I need to correct an IO port imbalance for one of  our storage arrays. Is this done through zoning only, or by migrating luns from one SP to the other that isn't  getting as much traffic. I try to keep a good balance when zoning, however, I am perplexed by the following graph from M&R. Why would initiators be logged  into an IO port, and no traffic be reported?

Thanks in advance,

AdmingirlIO.PNG.png

March 30th, 2016 14:00

Good information from Glen and Zaphod already. I'd look at the pathing software and configuration. That's what's ultimately going to decide what ports receive the traffic.

From what I can see in the screenshot we're only looking at one SP so trespassing won't affect these numbers. Pathing is probably what is ruling this.

One thing of clarification I'd add. That last column where you seem to be having problems is not throughput or bandwidth. That label says "Queue Full/Busy." So it's not measuring whether or not you have traffic on those ports, it's measuring whether or not you are exceeding the maximum queue of SCSI commands on those ports. You very well could have some (probably lesser amounts) traffic on those ports, just not to the point of overloading them. You may want to look at this KBA below and check some of your HBA execution throttle numbers.

https://support.emc.com/kb/456863

4.5K Posts

March 29th, 2016 08:00

Not knowing the array configuration I'd guess that some of the ports are the standby ports in case the active port failed. Or all the LUNs are on one SP. There could be any number of reasons for this.

Have you looked at the NAR data from the array to see if there is IO on all the ports>

glen

195 Posts

March 30th, 2016 07:00

In my most general case:

> Each host will have two FC connections, each going to a separate FC fabric.

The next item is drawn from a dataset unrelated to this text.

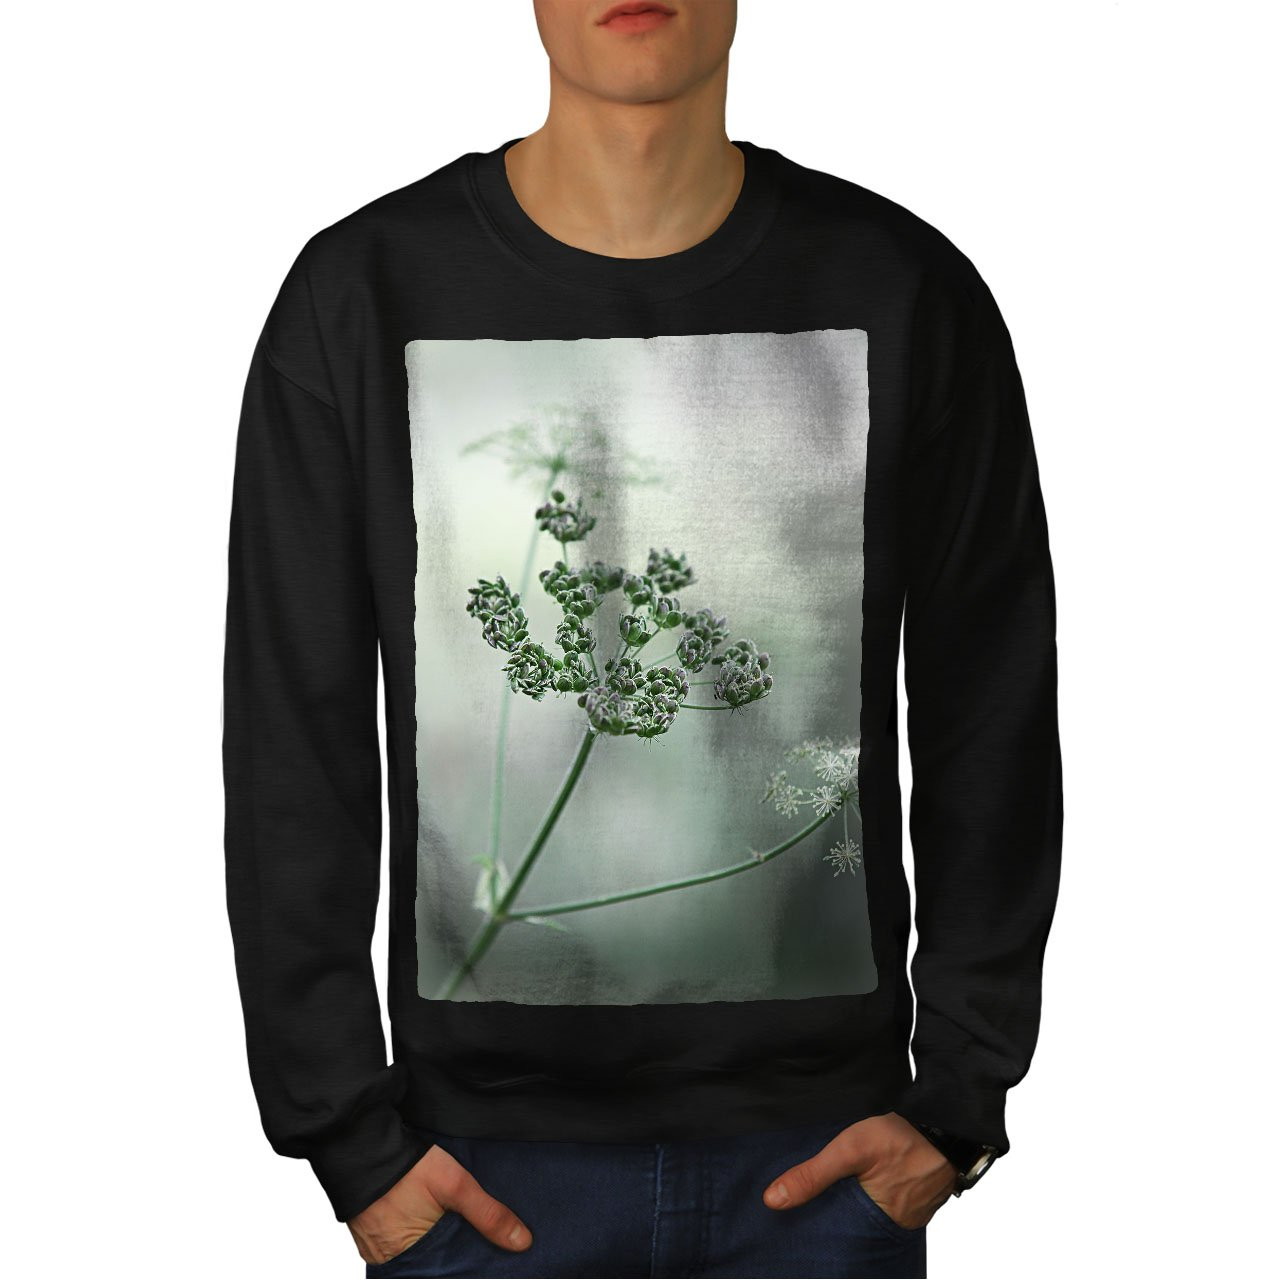 wellcoda Flower Plant Photo Mens Sweatshirt Wildlife Casual Jumper

> Each connection will be zoned for a port on SPA, and a port on SPB.

> If I am using more than two FC ports on each SP, I will make an attempt to balance the zoning so that roughly the same number of hosts are zoned to each port in use.

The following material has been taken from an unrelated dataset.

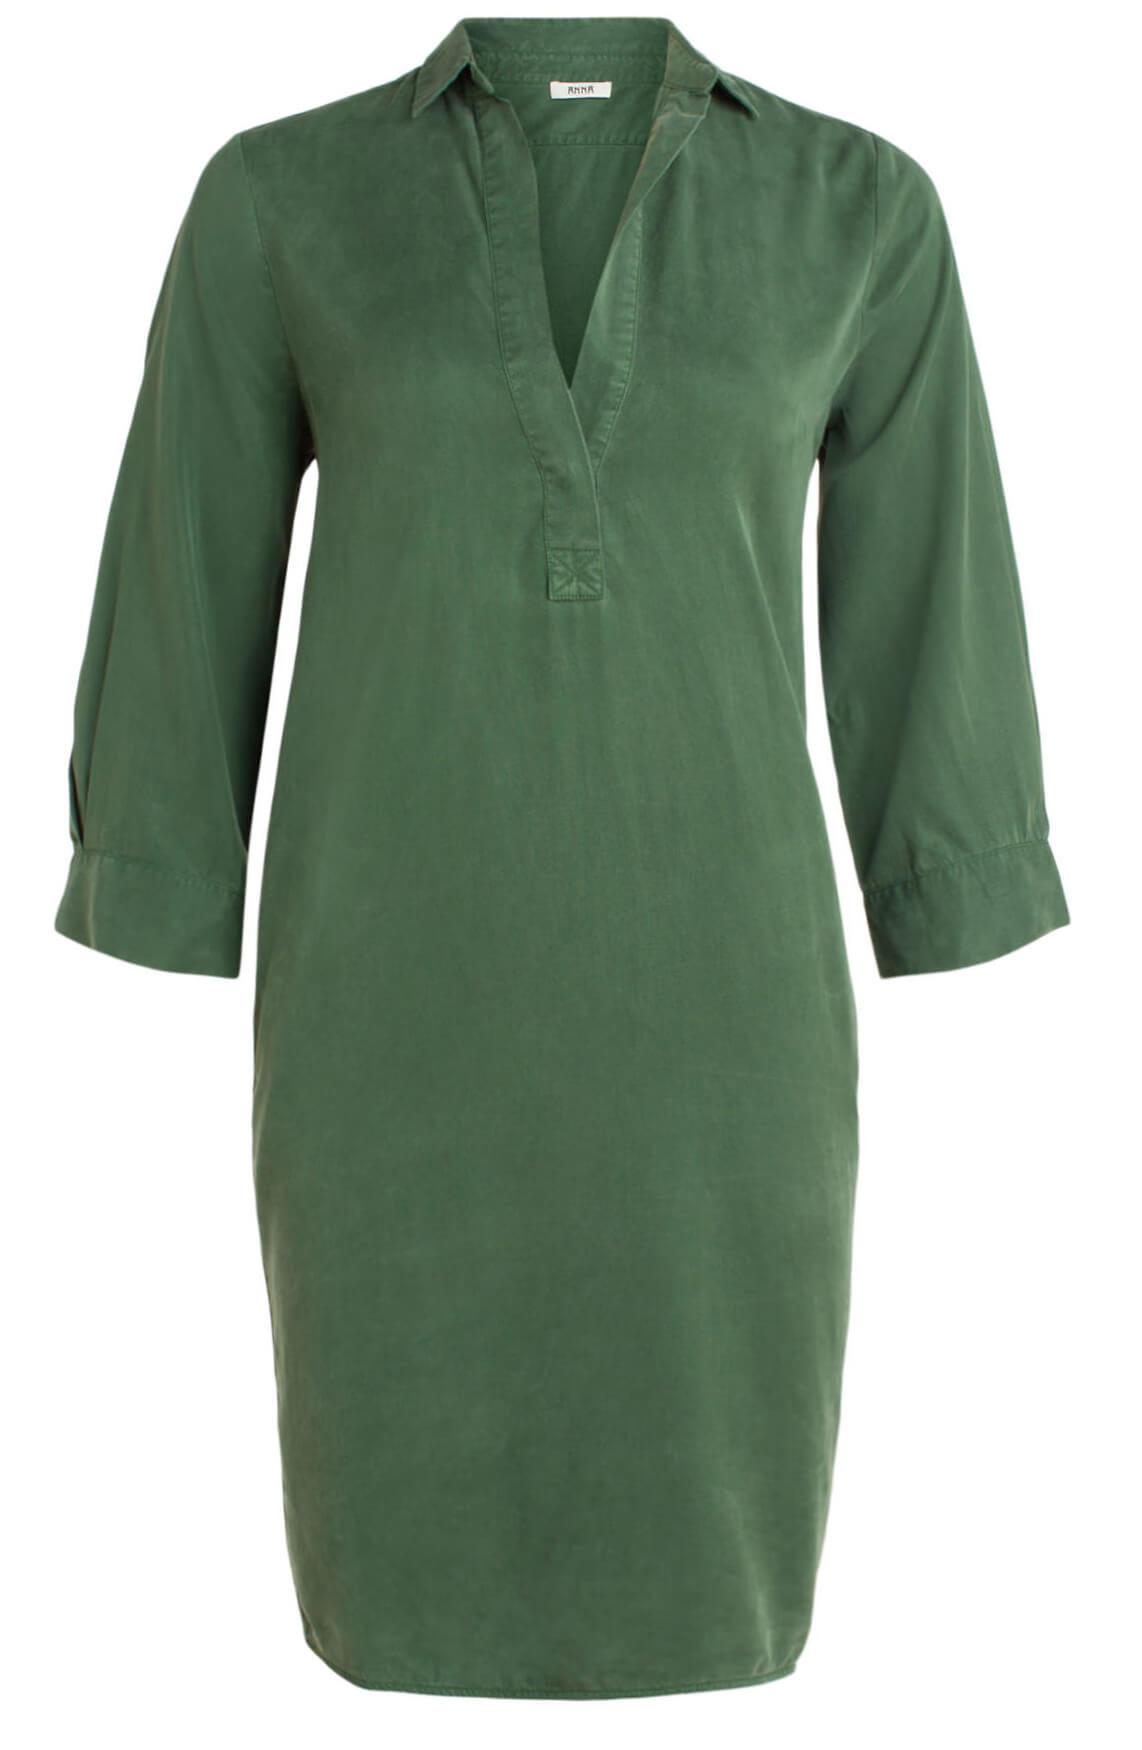 Anna Dames Tencel garment dye jurk groen

> Every host will login, and become registered, on every port that it is zoned for.

Thus, each host will have four paths to each LUN, and in most cases for VNX it will have two active and two standby paths.  For VNX2 with RAID group based LUNs all four paths may be active (due to the MCx Symmetric Active Active feature).

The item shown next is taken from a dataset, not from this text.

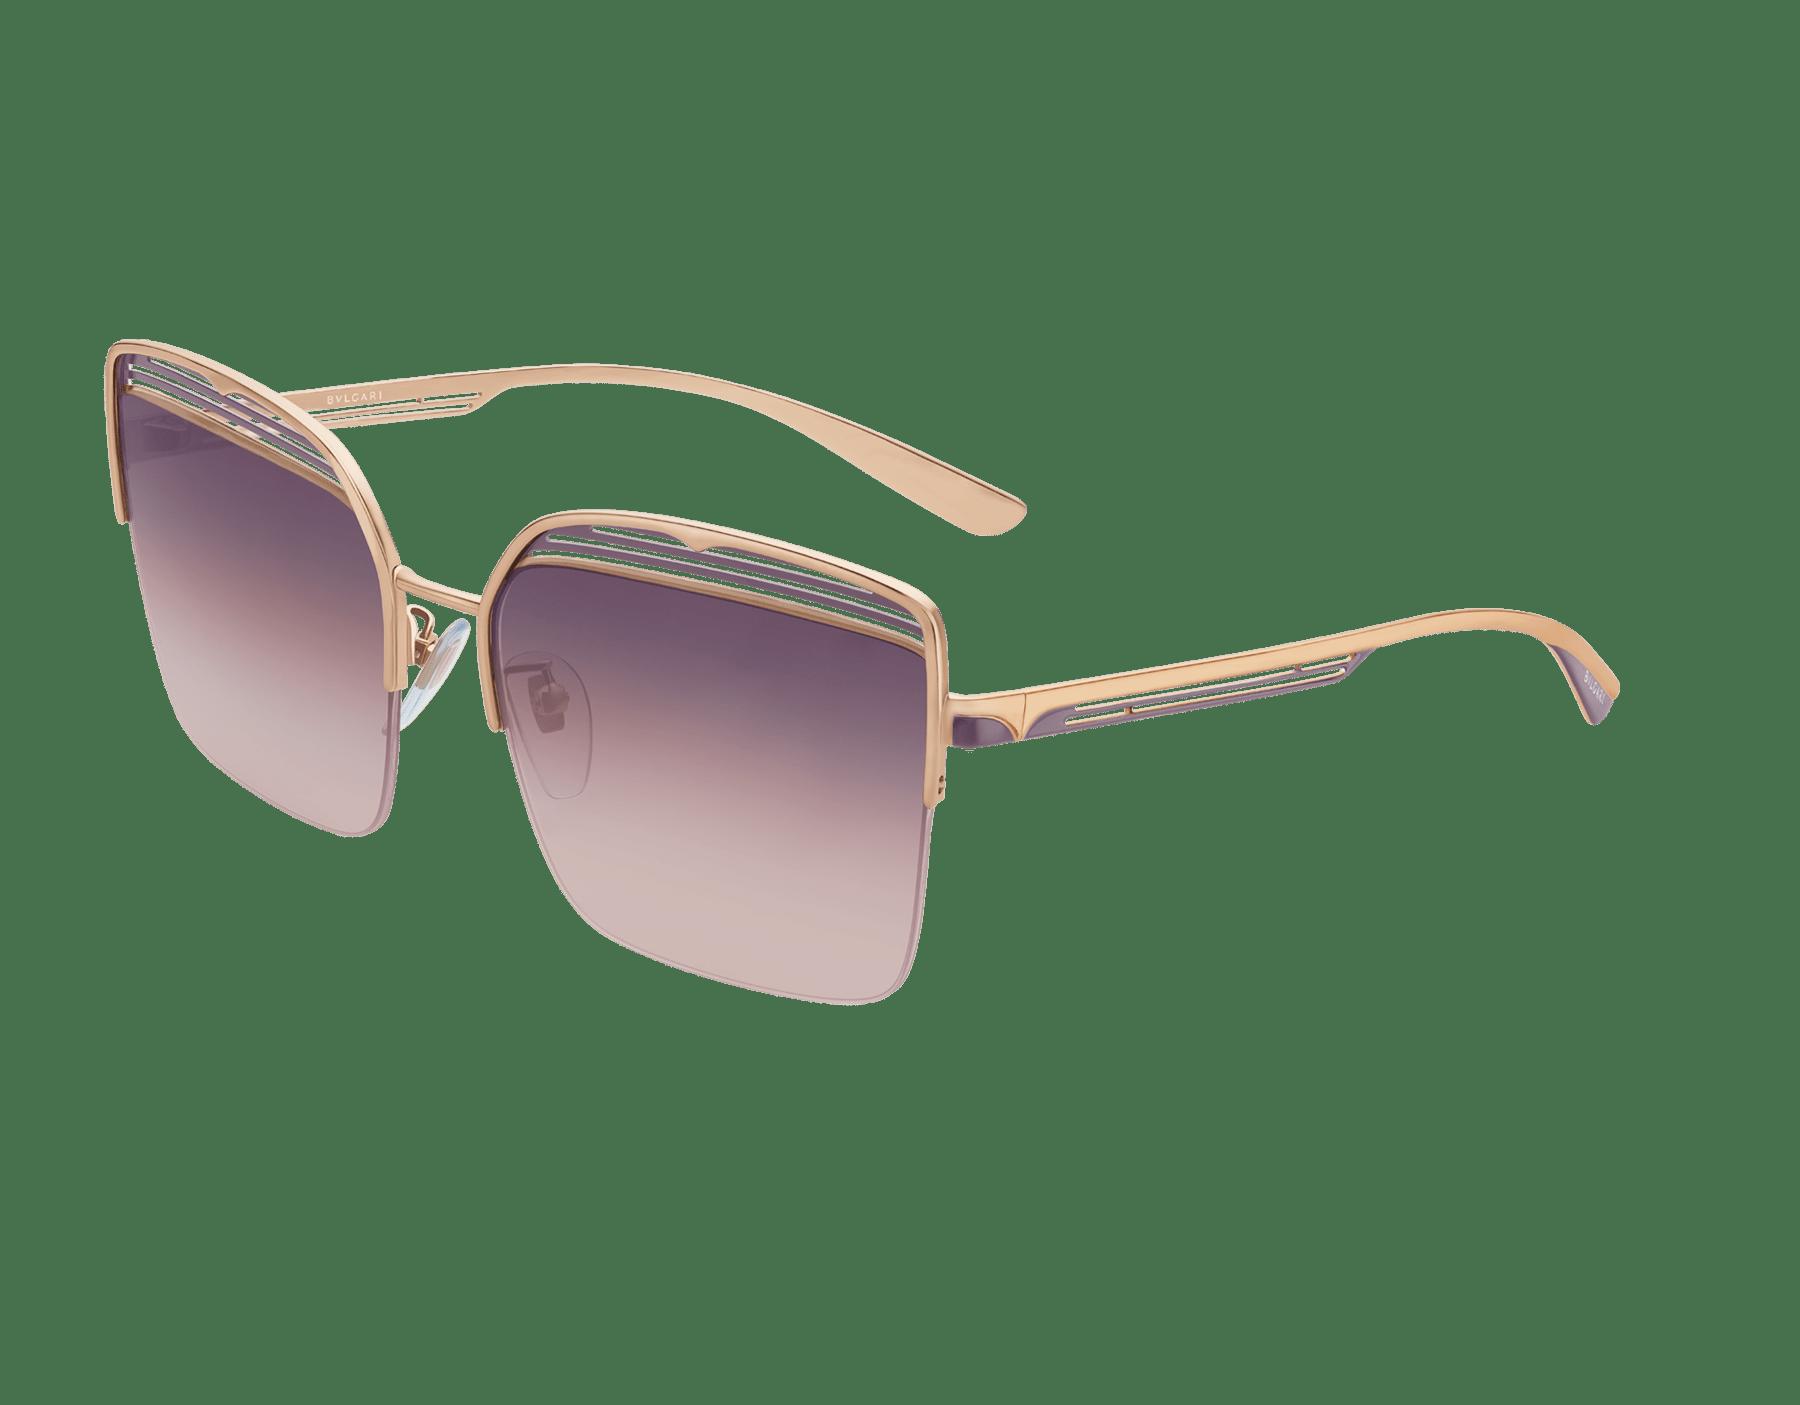 Bvlgari B.zero1 B.overvibe half-rim square metal sunglasses. 903813 image 1

I will make sure that the LUNs in the array are split fairly evenly between the two controllers, but that does not guarantee that the IO activity for those LUNs will also be split evenly. 

In all cases the MPIO policy at the host dictates which/how many paths get used.  If (using ESX as an example) the policy is MRU, or fixed, then only one path will be used by that host.  If RR is selected, then the two, or four active paths should all be used; this is my preferred policy.

It looks like your zoning is, at least a little, asymmetric.  As I read it (and please correct me if this is wrong) you have 89 logged in and registered connections to each SP, but they aren't evenly distributed.  I would suspect that is due to how they are zoned.  And there may be good reasons, but I'd look into it.

I would also check your LUNs to insure that you don't have the most heavily used LUNs all bunched up on one controller, and I would have you (or your server admin(s)) check to insure that the proper MPIO policy is in use for all attached hosts.

4.5K Posts

March 30th, 2016 07:00

As a follow up, on all the VNX arrays the supported failover mode for the hosts is 4 (ALUA) - for Pool LUNs this is the active/passive mode on the array. For VNX2 failover mode 4 setting on the host will use active/active on the array if you're using raid groups instead of Pools.

For ESX 5.x and higher the only supported failover mode on the host is Round Robin with failover mode 4. As an aside, you can change the "IO Operations Limit" for Round Robin from the default setting of 1000 to 1 can get better performance (see the attached White Paper).

Additionally if you have San Copy installed (the enabler installed), you must use only single initiator/single target zoning.